It's very interesting how one of the primary reasons why those who oppose a national health care plan is because of the believed increased costs and taxation that will go with it. But most people don't seem to realize that per capita the US government already spends more on health care than most other developed countries, including England, France and Canada. It's beaten only by Iceland, Norway, Monaco and Luxemborg (2004 figures). That money comes from your tax dollars and it covers only covers 45% of total health care costs. That's right. You are already getting taxed more than those other nations and are getting only 45% of their return.
On top of that, total US expenditure for the rest of that 55% comes from private insurance, out of pocket, etc. So the total per capita costs in America are 50% - 100% more than what they pay total in other developed nations. You are getting doubly reamed for a medical service that nationally has poorer showings in many respects than those other countries.
In essence, you are already paying the same (or more) taxes for socialized medicine as other nations but are not getting the benefits from it.
Private insurance systems are for profit and do not work for your interests. Additionally, people who cannot afford simple, cheap care for medical problems will do without and will then wait until they need to go to the ER when their costs can be absurdly high. Who do you think foots the bill there? Either US governments who pay for it through taxes or rising medical costs which get passed to you anyway.
As long as we're living in a society which isn't really willing to refuse people medical care, then you are de facto living in a socialized state. You just pay for it in an incredibly inefficient way which raises medical costs, worsens public health and has the private insurance people laughing all the way to the bank as they skim significant administrative costs off the top.

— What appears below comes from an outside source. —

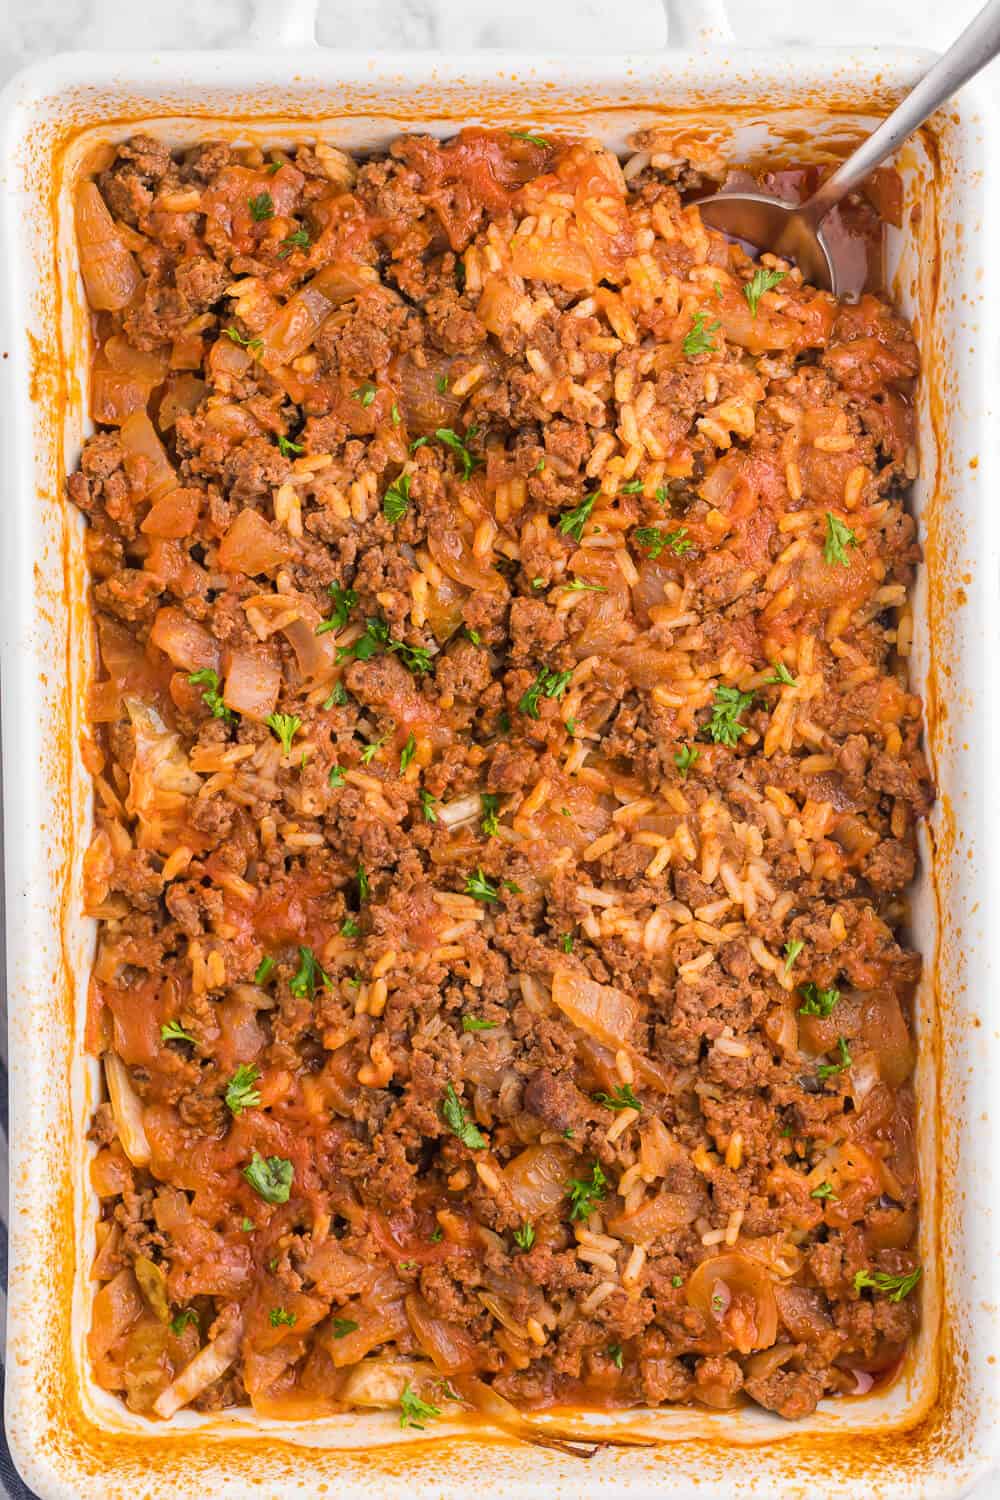 Cabbage roll casserole in a casserole dish with a serving spoon.
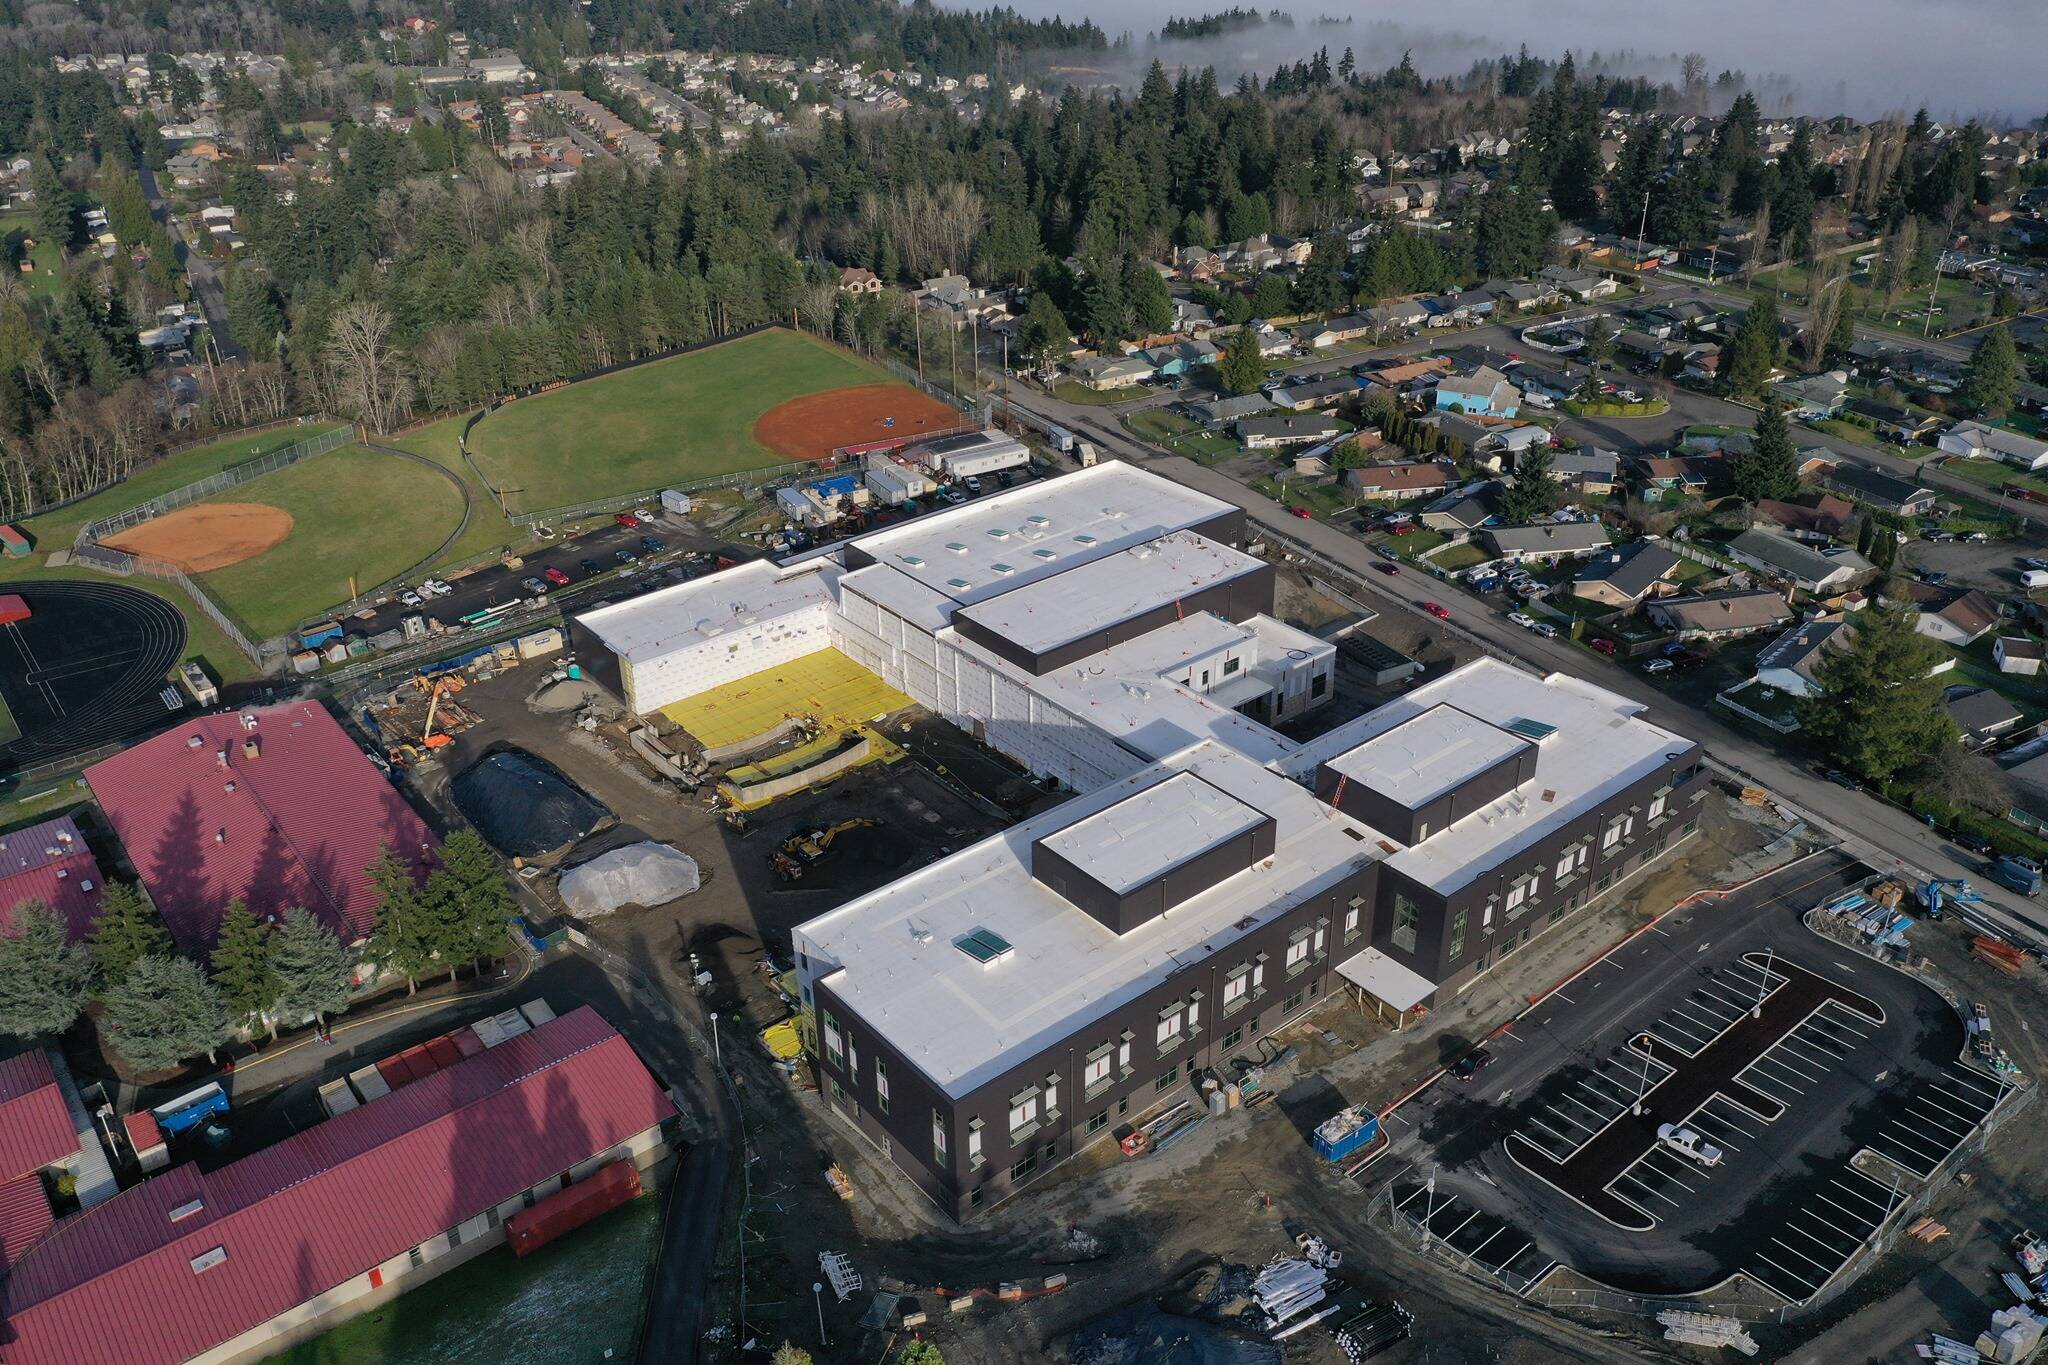 Thomas Jefferson was recently rebuilt and sits next to the former high school along S. 288th Street in Auburn. Federal Way Public Schools photo

Another big issue that people take are with are with wait times. They hear horror stories of waiting periods in the months for simple medical tests. Now while these are sometimes true, they are most often exaggerations and are typically for optional medical procedures. But in any case, the correct way to look at the issue is essentially through a moral view. Obviously there are limited medical resources so the question is how they get parsed out. In a system like ours, wait times are often kept to a minimum because poor people just aren't getting the care they need. They don't even get on line. It's only because poor people are suddenly are in the waiting rooms that richer people find they have to wait a little longer.
So essentially, the choice is between giving poor people health care or keeping it from them. Wait times are the inevitable effect of having more people able to acquire medical care.
Now, I'm not arguing that having a single-payer system is without its drawbacks. It does invite over-use of the system because if it's free then people will be more eager to use it - even when they really don't need to. It also invites higher expenses in the system in some respects because when given an option between a cheap proven drug and the new expensive one, if people aren't paying for the difference then they're far more likely to choose the more expensive one.
But these are not incredibly difficult deal breaking issues. They can be dealt with in other ways, but the overall view of the US medical system in view of economics and morality seems to fall heavily on the side of a single-payer system. The for-profit insurance companies work at cross-purposes to actual medical care since they only care about profits while, simply, good medical care can be expensive. And a lot of people in need are either given the run around to save costs, are dropped from service or simply cannot get coverage in the first place. Competition for medical insurance drives up costs for administration, advertisement and political "gifts" that have nothing to do with medicine. It's simply a bad system.